• [Dataset content]:
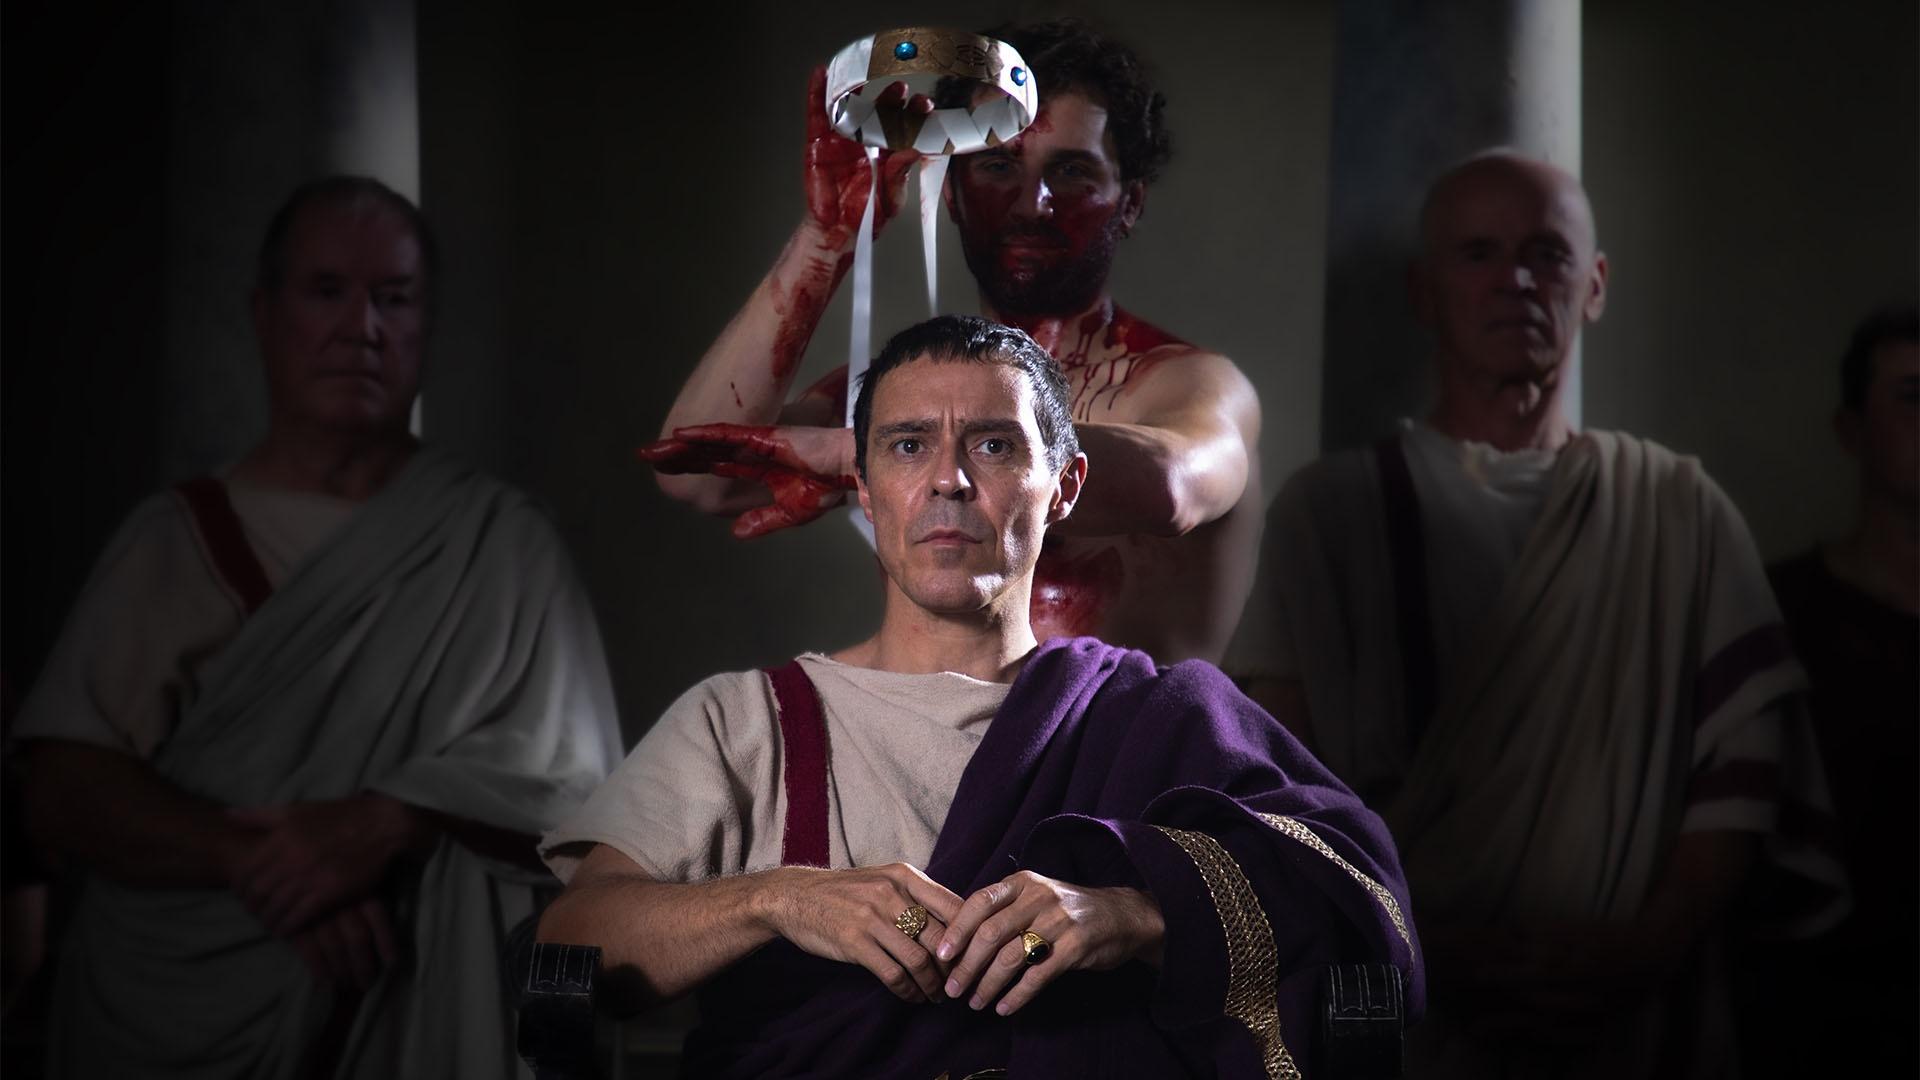 Julius Caesar: The Making of a Dictator: Ides of March
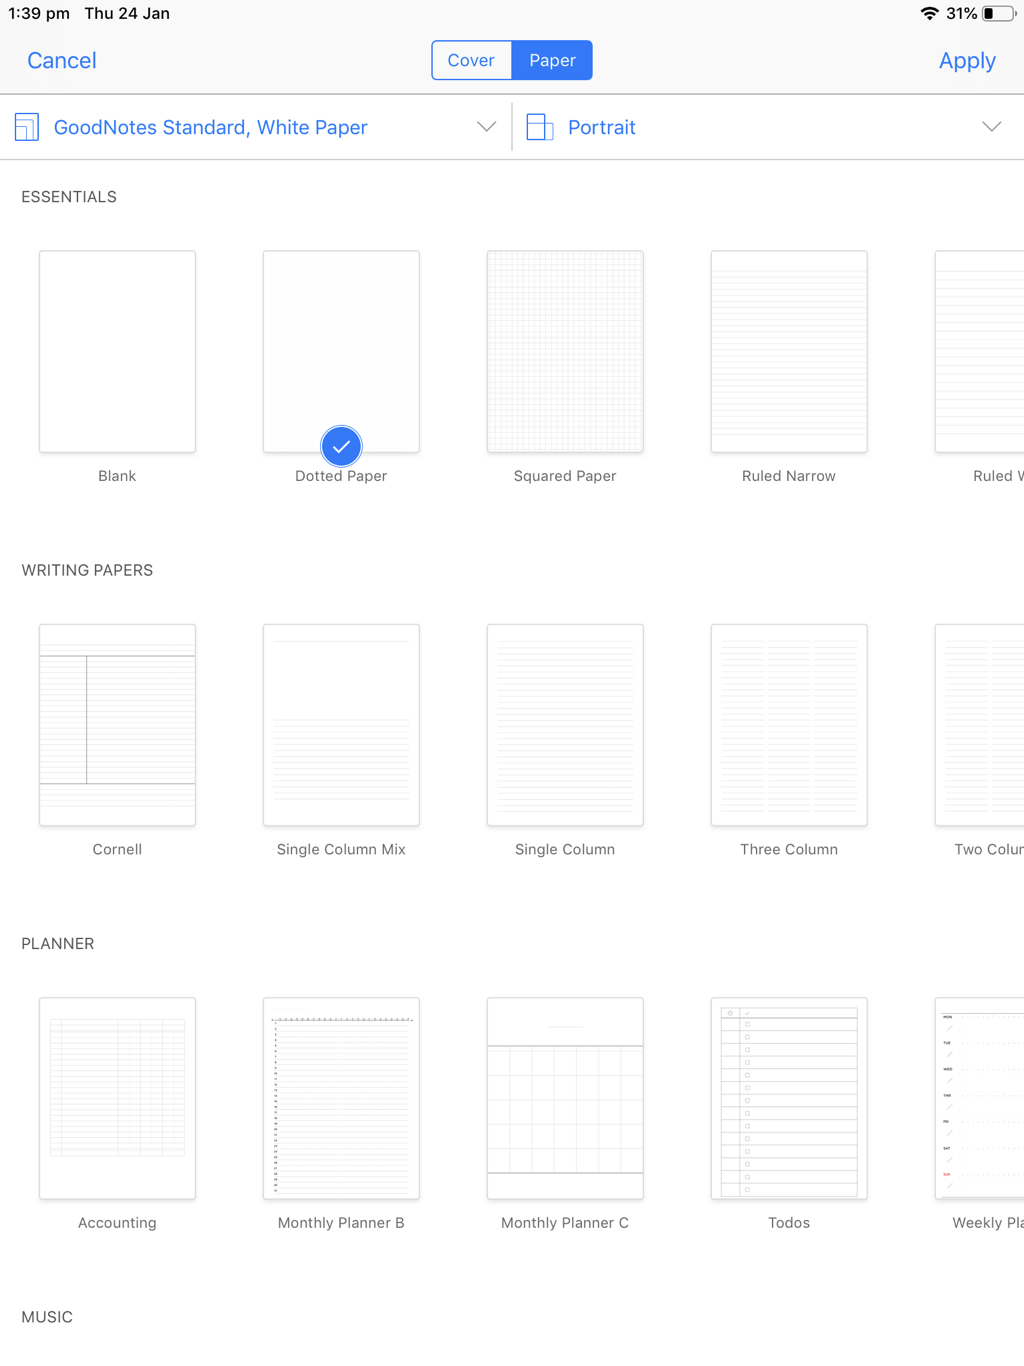 goodnotes template
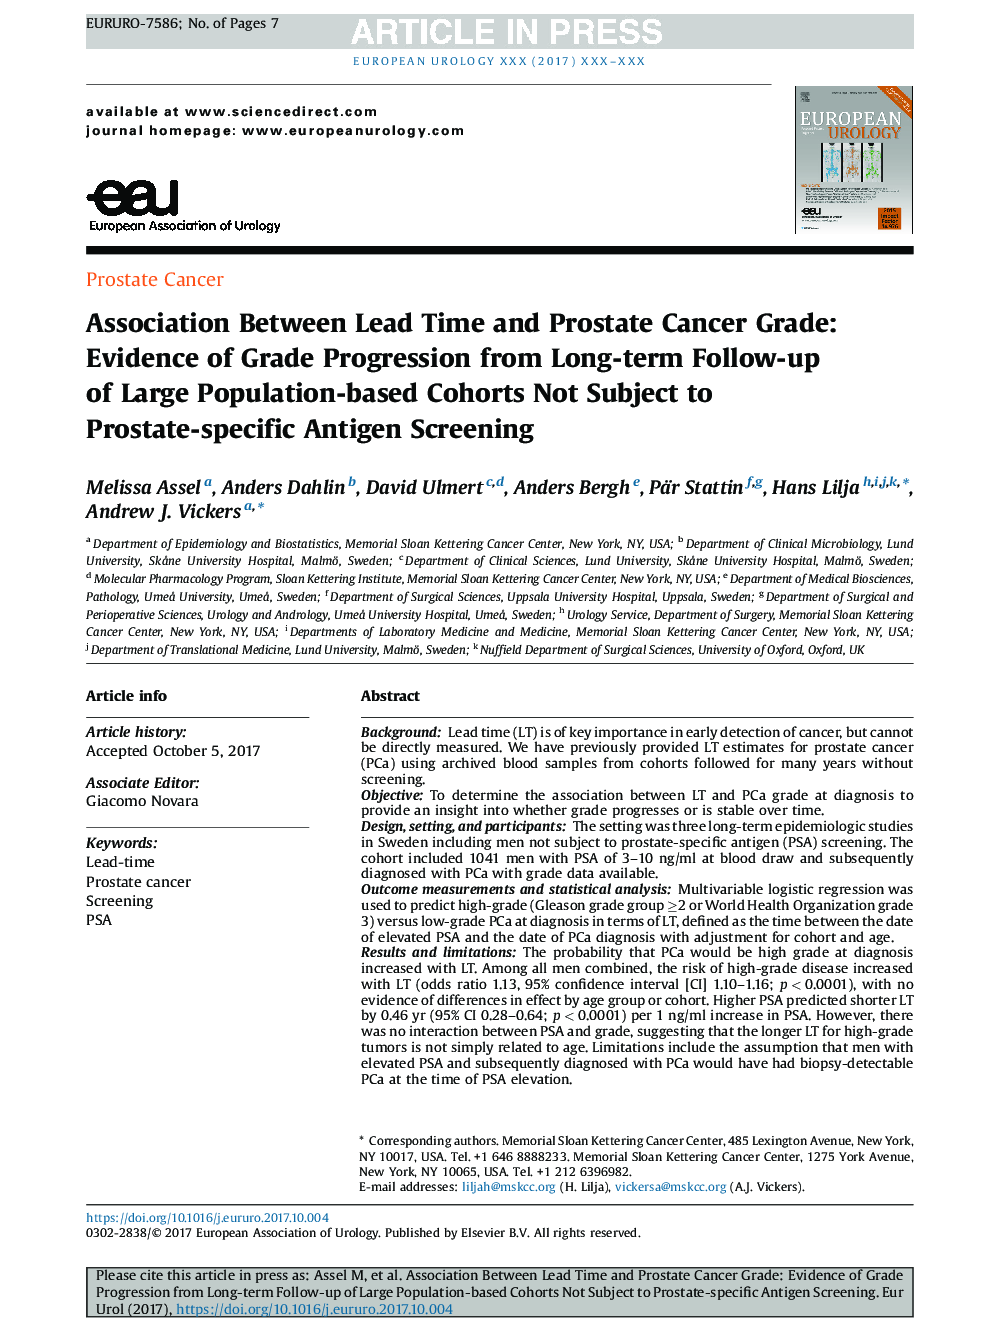 Association Between Lead Time and Prostate Cancer Grade: Evidence of Grade Progression from Long-term Follow-up of Large Population-based Cohorts Not Subject to Prostate-specific Antigen Screening
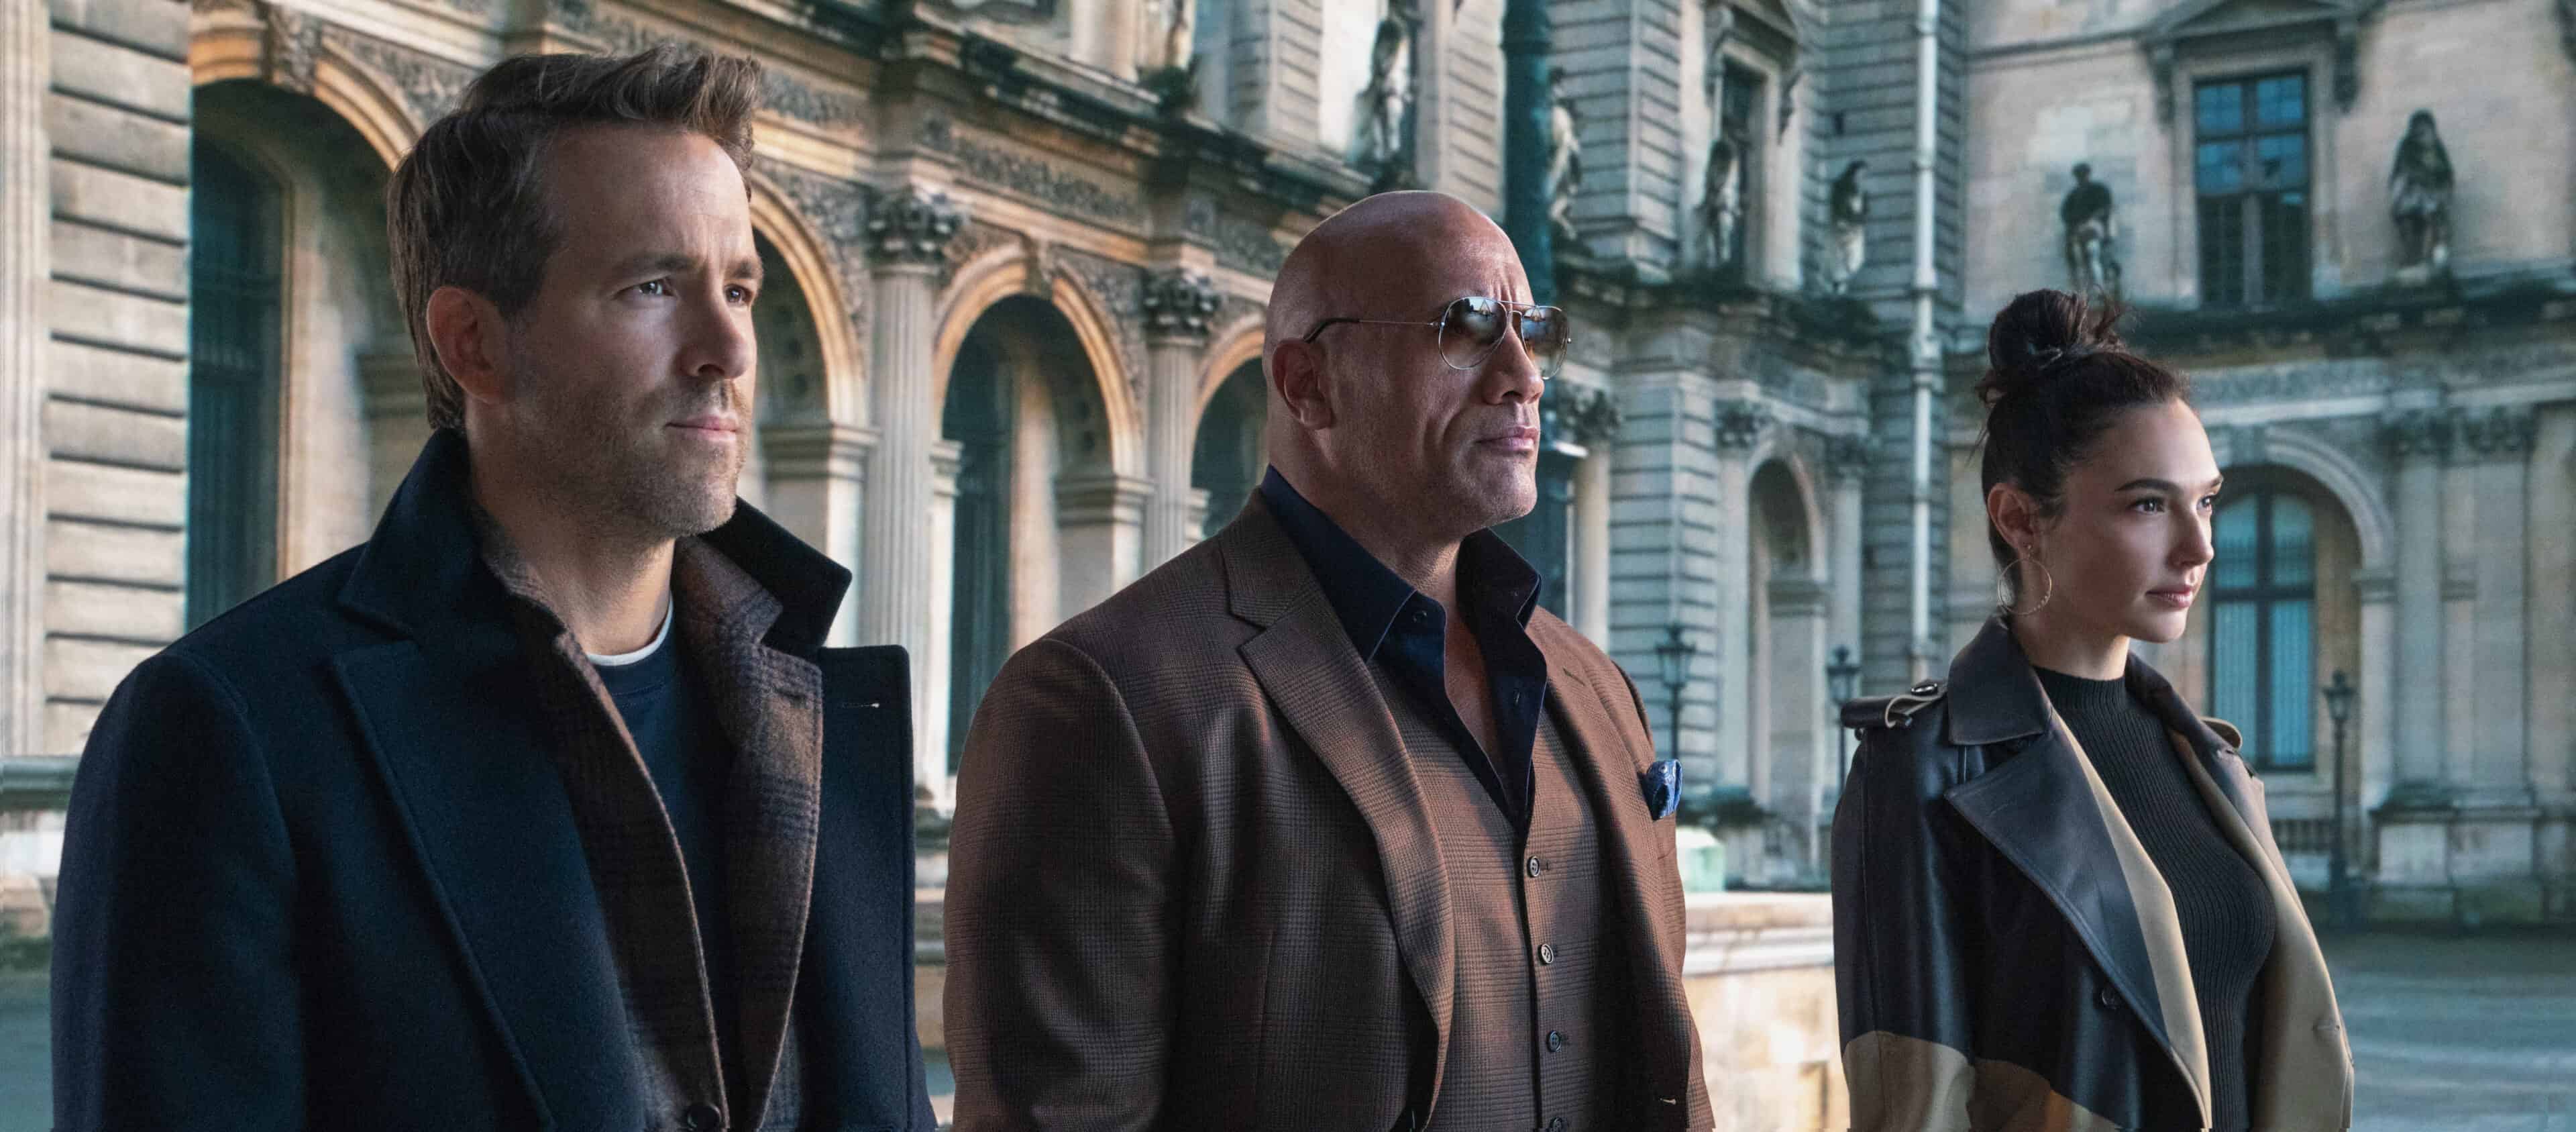 Nolan Booth (Ryan Reynolds), Agent John Hartly (Dwayne Johnson), and The Bishop (Gal Gadot) when they team up

• [Action item]: Copy everything in the listing above exactly except the pictures.

• [Worked solution]:
 Julius Caesar: The Making of a Dictator: Ides of March
 goodnotes template
 Association Between Lead Time and Prostate Cancer Grade: Evidence of Grade Progression from Long-term Follow-up of Large Population-based Cohorts Not Subject to Prostate-specific Antigen Screening
 Nolan Booth (Ryan Reynolds), Agent John Hartly (Dwayne Johnson), and The Bishop (Gal Gadot) when they team up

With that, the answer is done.